We trained each animal during 3–4 months prior to neuronal recordings with the different visual stimuli and the different interest rates (300–400 trials/day, 5 days/week). Initially, the animals learned that responding to visual cues lead to reward delivery. We then introduced two different visual cues and taught the animals that choice of one of the cues lead to reward if the other cue had been chosen immediately before. This helped to train the animals to alternate choices between save and spend cues. We then introduced interest rates in the form of different save cues and the monkeys learned the underlying reward contingencies by sampling different sequence lengths. Thus, we did not shape the animals behavior towards producing different sequence lengths at different interest rates. In parallel, we introduced imperative trials using the same cues with variable sequence lengths, with a small visual stimulus indicating the correct choice on each trial. We proceeded to neuronal recordings when performance in control tasks (see below) indicated that the animals adapted their choices to interest rate in a meaningful and flexible manner.

Rewards

A computer-controlled solenoid valve delivered juice reward from a spout in front of the animal’s mouth (valve opening time of 100 ms corresponding to 0.38 ml). For monkey A the base rate of reward magnitude, b from equation 1, was set to 0.11 ml for all sessions, for monkey B the base rate was set to 0.11 ml for half of the sessions and 0.13 ml for the other half of the sessions. The animal’s tongue interrupted an infrared light beam below the adequately positioned spout. An optosensor monitored licking behavior with 0.5-ms resolution (STM Sensor Technology).

Imperative Control Task

In this control task, saving behavior was not self-controlled by the animals but was externally determined. A small visual cue was presented next to either the save or the spend cue to indicate the correct choice on each trial that was otherwise identical to a free choice trial. We matched the ratio of save to spend trials between imperative and free choice task for a given monkey and interest rate. This made it possible for the monkeys to anticipate final saving outcomes, as confirmed by analysis of behavioral reaction times (Supplementary Fig. 2d).

Control task with uncued changes in interest rate

To test the extent to which the monkeys adapted their saving behavior to changes in the interest rate even when interest rates changed without notification, we performed, in behavioral testing sessions, a variant of the free choice saving task in which the interest rate varied without associated changes in the visual save cue (Fig. 1c, Supplementary Fig. 1e). In this control test, we introduced a new, unfamiliar save cue on each day and varied the interest rate without notification in blocks of 40–100 trials that were randomly interleaved. The save cue was fixed throughout a testing session and the animal had to keep track of the current interest rate.

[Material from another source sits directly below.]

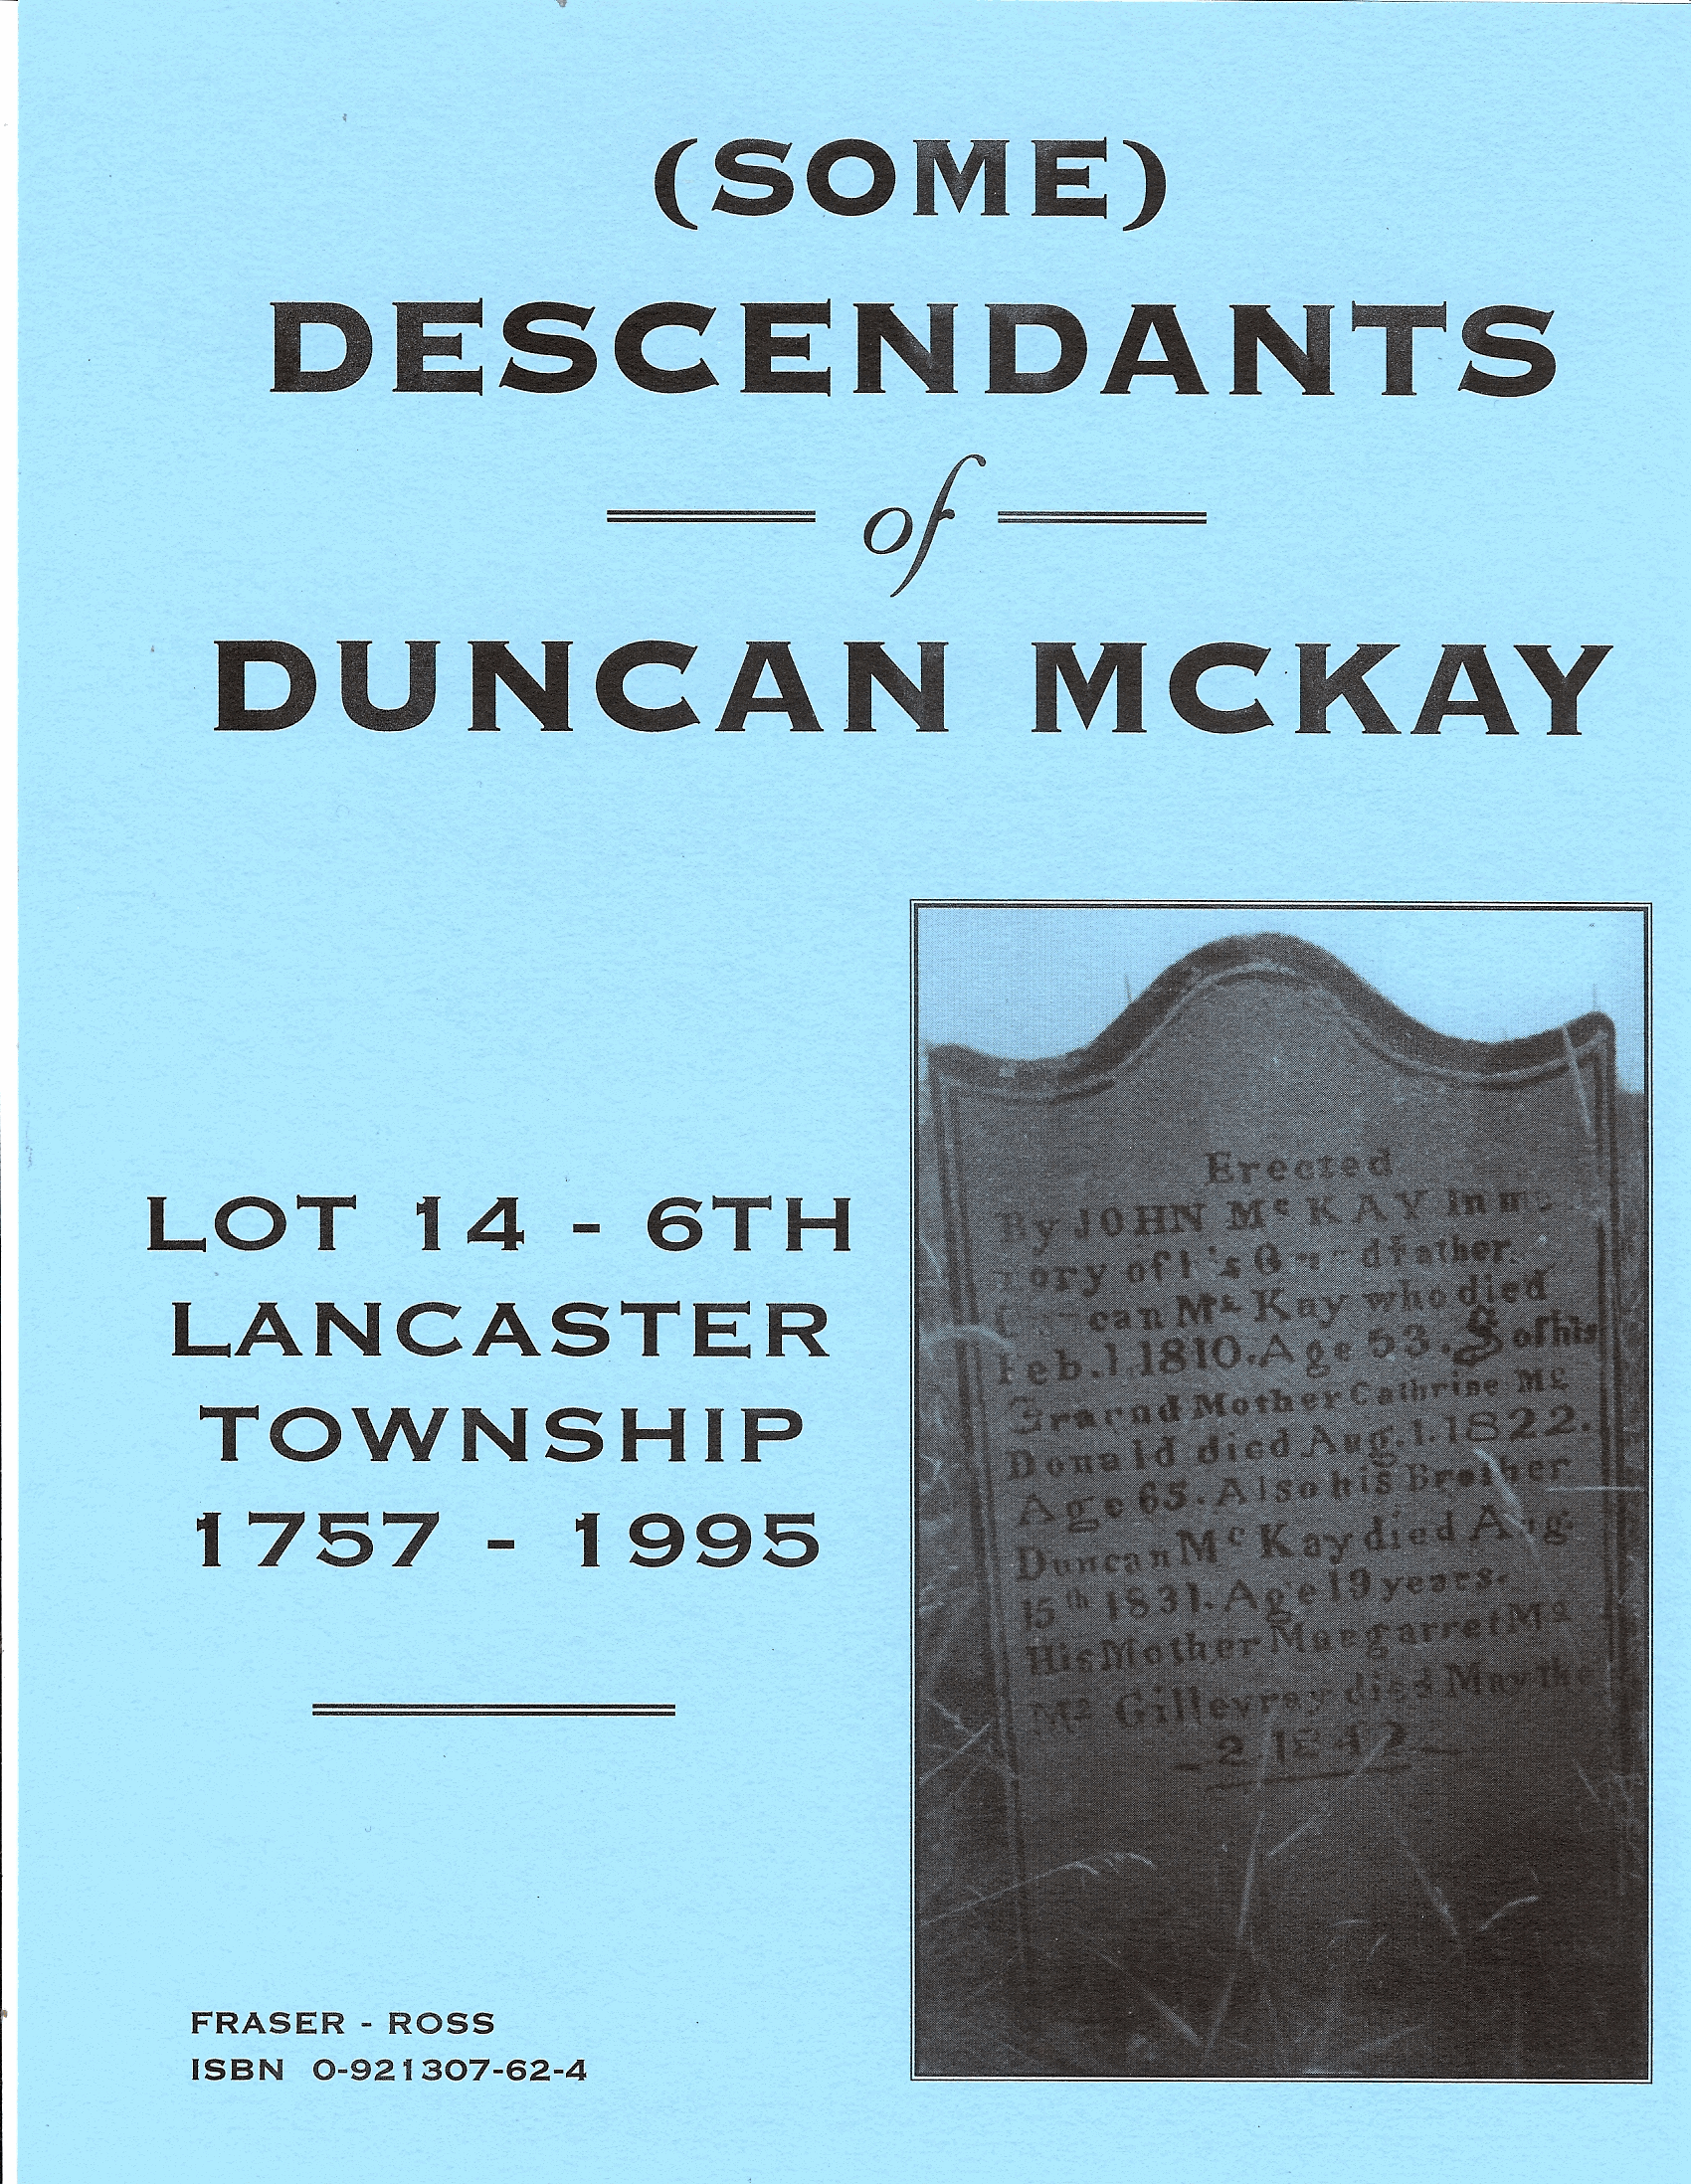 DuncanMcKay

Control task with fixed reward

To test whether the monkeys kept track of the amount of reward they had accumulated through consecutive save choices, we offered them, on randomly interspersed trials, a choice between the accumulated reward and fixed amounts indicated by pre-trained visual cues (Supplementary Fig. 1f).

Data analysis

Description of saving behavior

We constructed distributions of the relative frequencies with which each animal produced saving sequences of specified length, separately for different interest rates. Figure 1b shows these frequency distributions averaged over animals for low (q = 0.7), medium (q = 1.5) and high (q = 2.0) interest rates. Figure 1c shows weighted means of these distributions pooled over animals. For calculation of these weighted means, each relative choice frequency was weighted by its corresponding sequence length. Supplementary Fig. 1a shows distributions separately for both animals and for various interest rates.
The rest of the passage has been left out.